What makes Smallbone a heroic figure is that he blunders his well-meaning way through all this without hiding his struggles with doubt. And, refreshingly, Rev is a rare commodity in modern television because it deals with Smallbone's relationship with God in a direct and uncyncial way. The interior monologues of the protagonist - and, indeed, everyone in the final episode - were presented utterly without the sneering that seems de rigueur in contemporary metropolitan culture.

Towards its end, Rev developed in an interesting way. It began as a comedy with serious elements. But it became something more complex and profound. This left some viewers baffled. One asked last week: "Is it a comedy, a drama, or a soap? It has humour without being silly, and the main character evokes sympathy, but he is quite half-hearted for a vicar. . . Is it meant to have a serious point?"

It certainly is. In this past series, Rev has made the transition from observational comedy to what, since Gabriel García Márquez, we have learned to call magic realism. It began subtly, with the echoes of the Last Supper in episode 4, and became more pointed.

In episode 5, a slightly febrile Smallbone took it upon himself to deliver a life-size cross by carrying it through the streets, in an episode that became hallucinogenic, and ended with Liam Neeson making a guest appearance as the kind of Jesus who would have been at home in an episode of Shameless. In the final episode, all the main characters gather for an Easter vigil, in a plot twist that defied everyday logic, but which was freighted with transcendent symbolism.

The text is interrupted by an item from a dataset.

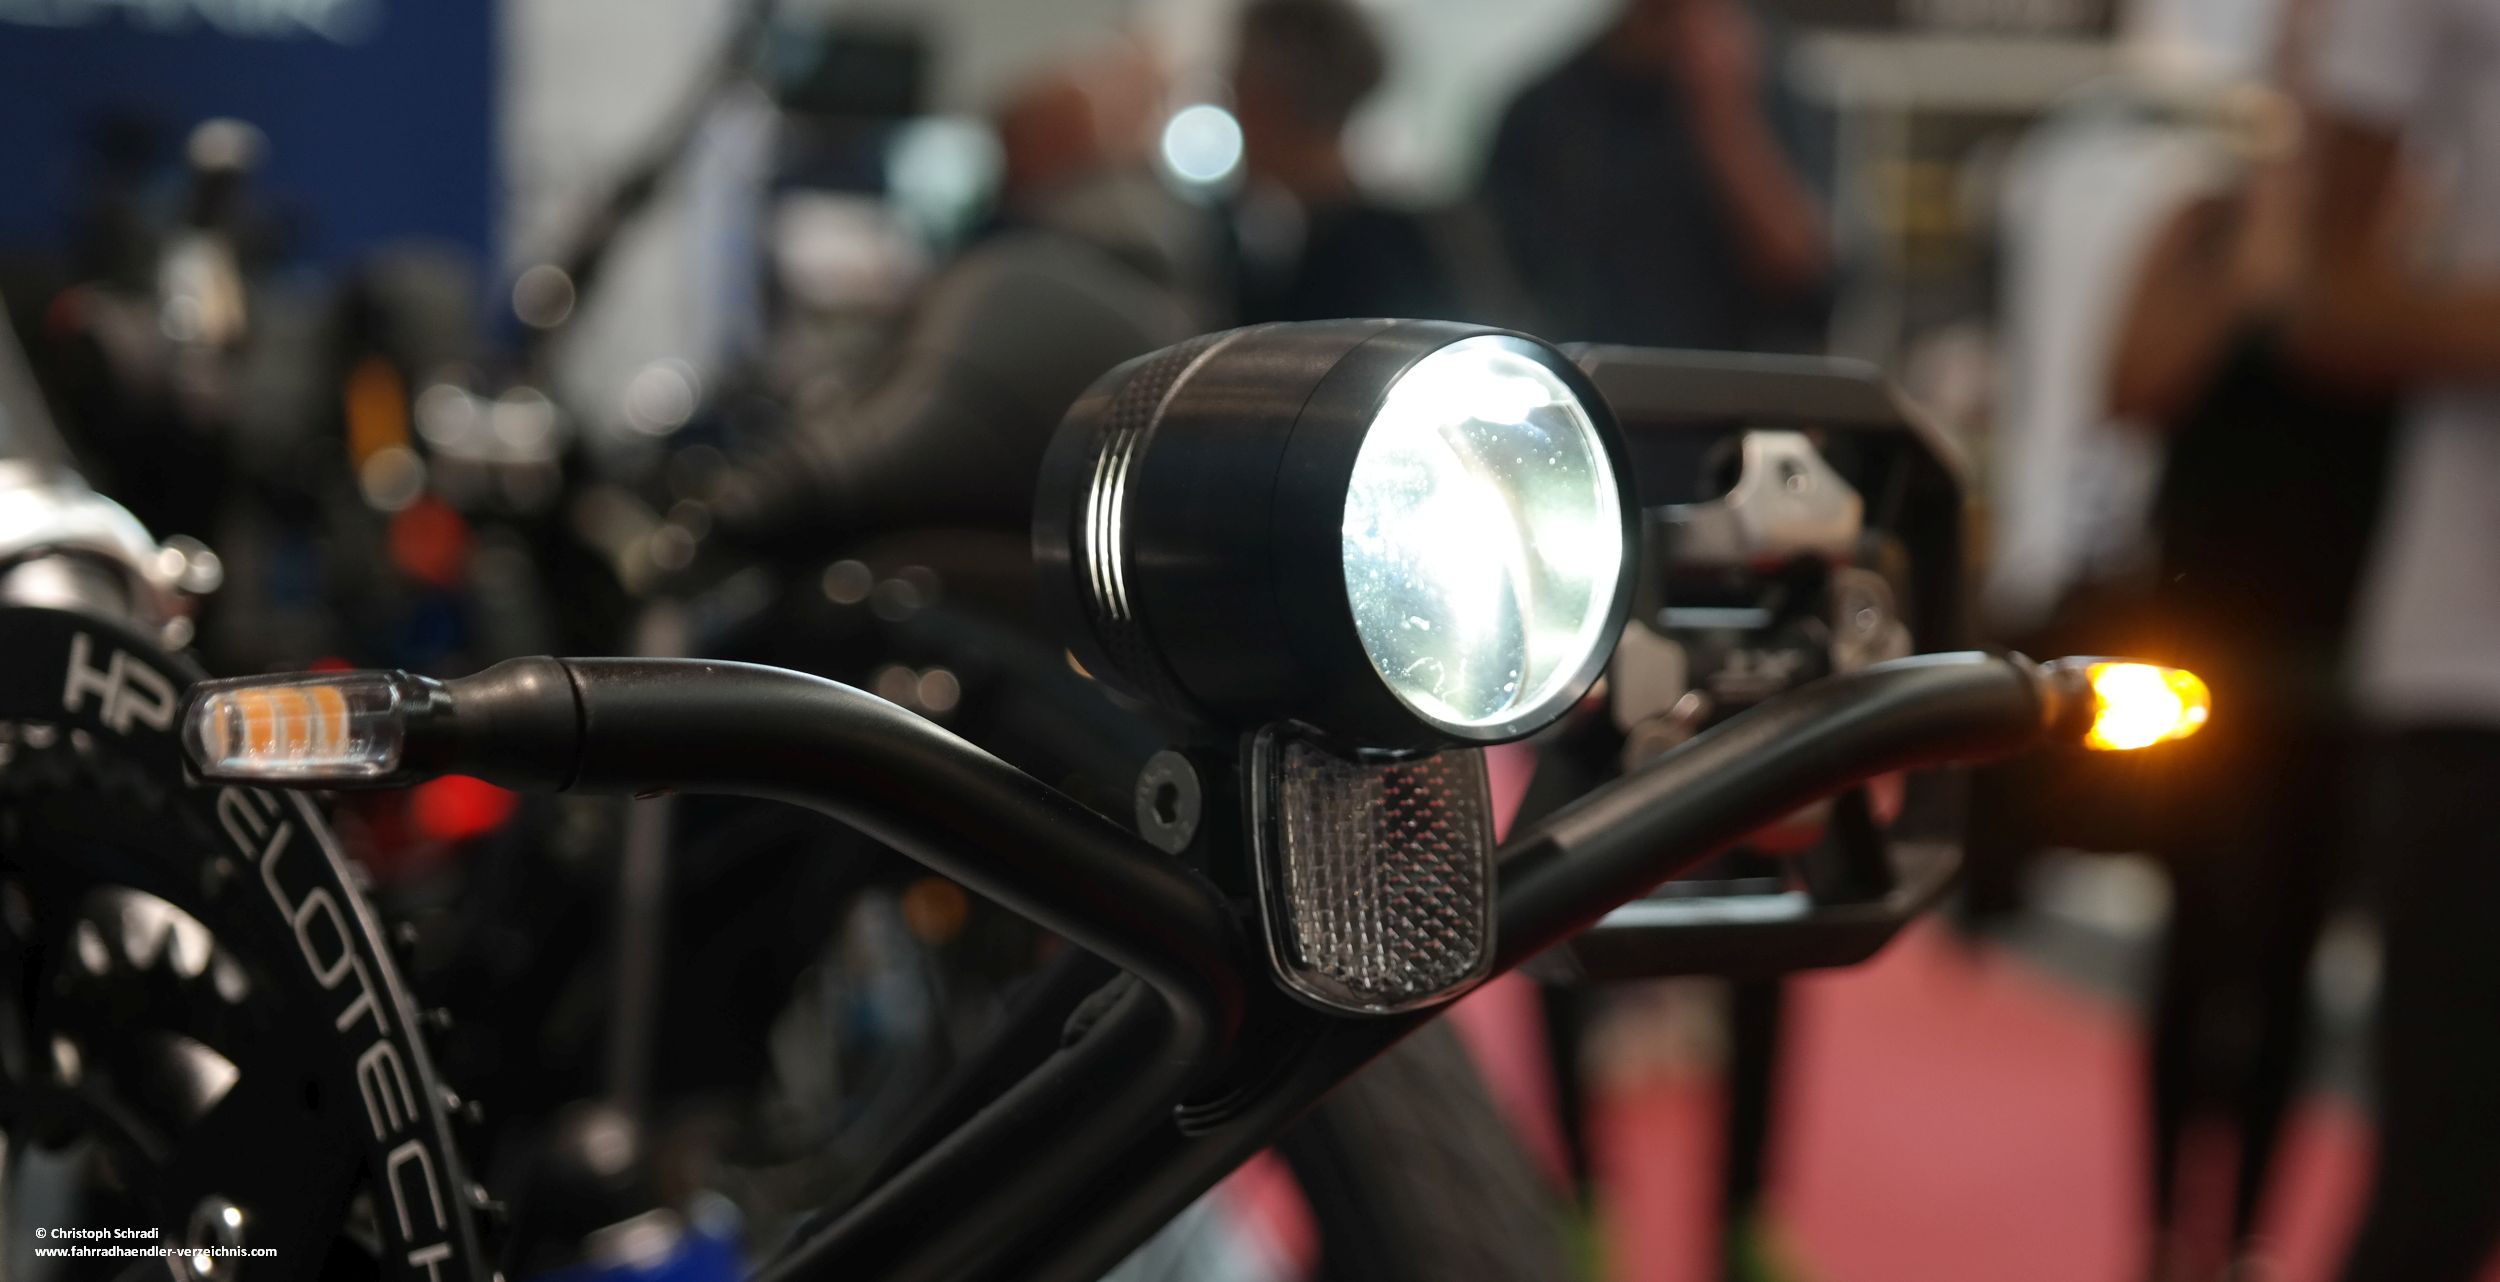 Blinker auch am E-Bike - der brandneue E-Bike Blinker von Hp-Velotechnik ermöglicht Automobile Technik am (E-)Fahrrad

"Is this what resurrection is?" the hero asks, before he sings the Easter Exultet with a breathless beauty. It was not a happy ending, but it finally rejected the suggestion that the series had seemed to be outlining, that you can survive in the Church only if you are a conformist, careerist, legalist, pedant, or hypocrite. The light of a weak dawn flickered, but it offered the prospect of a new start. And perhaps that is all we can hope for.